When French colonization in Canada began, only a few years had elapsed since the promulgation of the Edict of Nantes in 1598 [see text of the Edict ], which gave to Roman Catholics and Huguenots in France parallel rights. Consequently, in the early period of colonization in Canada both Protestants and Roman Catholics took part. Monts was a Huguenot, and he took out with him to Acadia in 1604 not only Protestant and Roman Catholic settlers, but also a Protestant minister and a Roman Catholic priest. "I have seen our curb and the minister," wrote Champlain , who was geographer to the expedition, "fall to with their fists on questions of faith." The Caën brothers [ Guillaume and Émery ] were Huguenots; and it is said that Champlain himself, though a good Catholic, came of Huguenot parentage. The Huguenots were, in fact, among the most progressive of the early traders and settlers who came to Canada . But the danger of religious strife in the colony, such as that which had rent the mother country with civil war, was perhaps such that the French government wished to eliminate it; possibly, also, the Huguenots had proved too independent of royal control. In the charter granted in 1627, therefore, to the Company of New France, it was stipulated that no colonists should be sent out to New France who were not Roman Catholics; and this prohibition remained in effect during the whole period of French rule. A very few Protestants appear to have settled in Canada after 1627, but their numbers were negligible; and New France was thus almost exclusively Roman Catholic.
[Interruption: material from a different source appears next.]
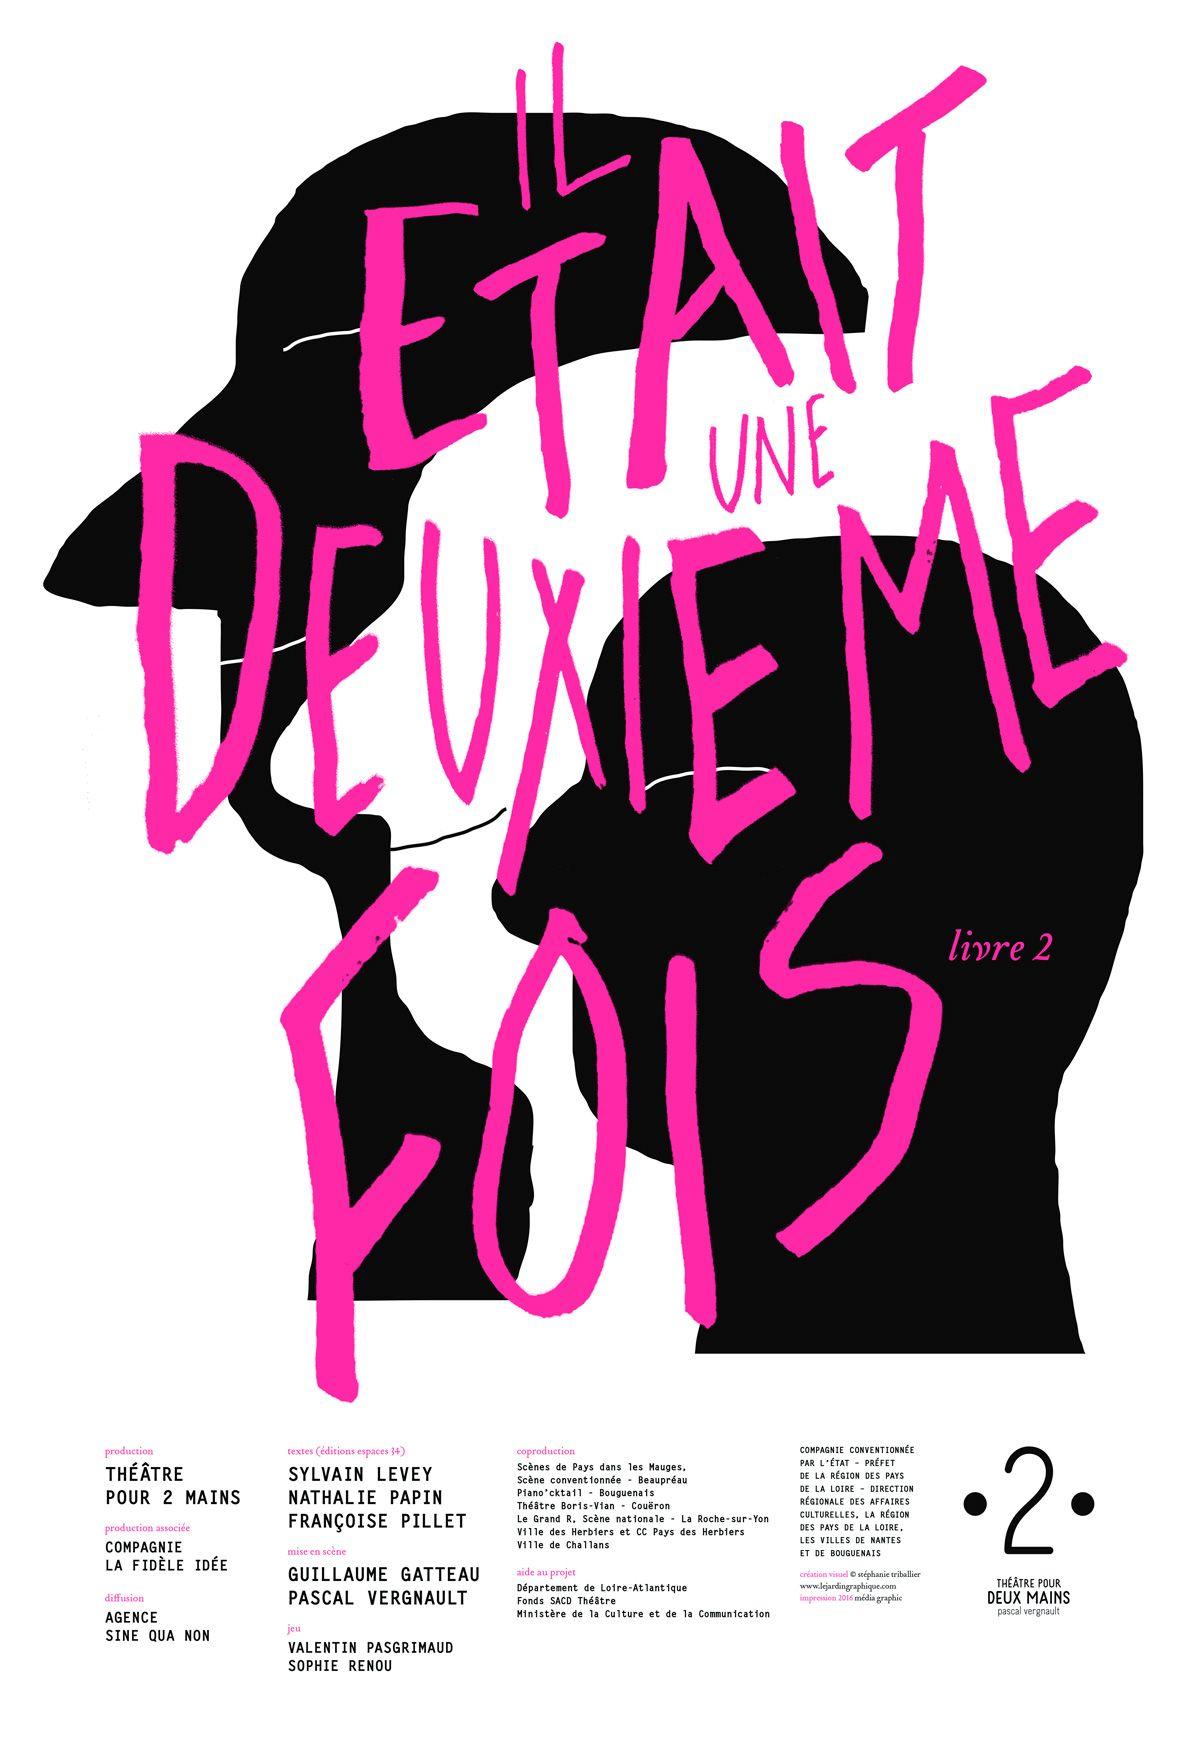 Le Jardin Graphique Compagnie Theatre Pour Deux Mains Pascal Vergnault 2014 2015 2016 2017 Design Grap Design Graphique Graphique Poster Affiche

From the economic point of view, the exclusion of the Huguenots had probably a bad effect in Canada , since they would have been a valuable element in the colony; but from the religious point of view, it is possible that their exclusion was fortunate. It gave the Roman Catholic church in New France a dominant position which affected the life of the whole people, and which that church still retains in the province of Quebec . Especially after Laval [alternatively, consult this biography of Bishop Laval ] came to Canada in 1659 as bishop, the church exerted a profound influence on the government of the colony. The bishop was given a seat on the Sovereign or Superior Council ; and the parish, rather than the seigniory, became the effective unit for local government. The seignior was not, as might have been expected, the most important person in the French-Canadian village; the real leaders of the people were the parish priest and the captain of militia [Many historians would debate the accuracy of this statement]. From an early date, various religious bodies, such as the Jesuits and the Sulpicians , acquired extensive and valuable land grants in Canada ; and these did not diminish the influence of the Church. For a time, indeed, the Church sought to dictate the future of the colony. The early missionaries who came to Canada found in the Indians a wonderful opportunity for saving souls. Among the Algonkian and Huron tribes, and even among the Iroquois , they established missions, which, for sheer and fearless heroism, rank with Christian missions anywhere else. If they had had their way, New France would have been a glorified mission-station. In their zeal, they sometimes preceded the fur-traders in opening up new country; and with the fur-traders they waged a long battle for the welfare of the Indians. They objected to the use of "fire-water" by the fur-traders as an article of barter with the Indians; and the Church nearly succeeded in obtaining its prohibition. Even in the so-called "Brandy Parliament" of 1678, composed of the leading inhabitants engaged in trade, the Church gained a substantial measure of support for its point of view. Eventually, however, its point of view failed to prevail, largely because of the opposition of Frontenac . "Even if our brandy does them [the Indians] harm," argued Frontenac, "it at least brings them into contact with Catholicism. To do away with this trade will only drive them to rum and Protestantism."
The British Conquest .
The conquest of Canada by British arms in 1763 threatened a complete reversal of the religious history of New France . The Royal Proclamation of 1763 promised Canada "the enjoyment of the benefit of the laws of Our realm of England "; and the royal instructions to General Murray , the first civil governor of the province, required him to admit of no "Ecclesiastical Jurisdiction of the See of Rome." He was also required to give all possible encouragement to the erection of Protestant schools and churches, "to the end that the Church of England may be established both in principles and practice, and that the said inhabitants may by degrees be induced to embrace the Protestant religion." Canada was to become, thus, a newer New England . But, under the influence of Murray and of Carleton , this policy was soon reversed. In 1766 permission was given for the consecration of Briand as bishop of Quebec with the title of superintendent; and in 1774 the Quebec Act gave to the Roman Catholic Church in Canada the right of collecting tithes by process of law, thus making it, if not an established church, at any rate an endowed one. At the same time, little was done to introduce Protestant clergymen into the colony. Two or three French-speaking Anglican clergymen were settled in Quebec , Three Rivers , and Montreal ; but it was not until 1793 that an Anglican bishop of Quebec was appointed, or any serious attempt was made to provide for the religious needs of the growing Protestant element in the colony.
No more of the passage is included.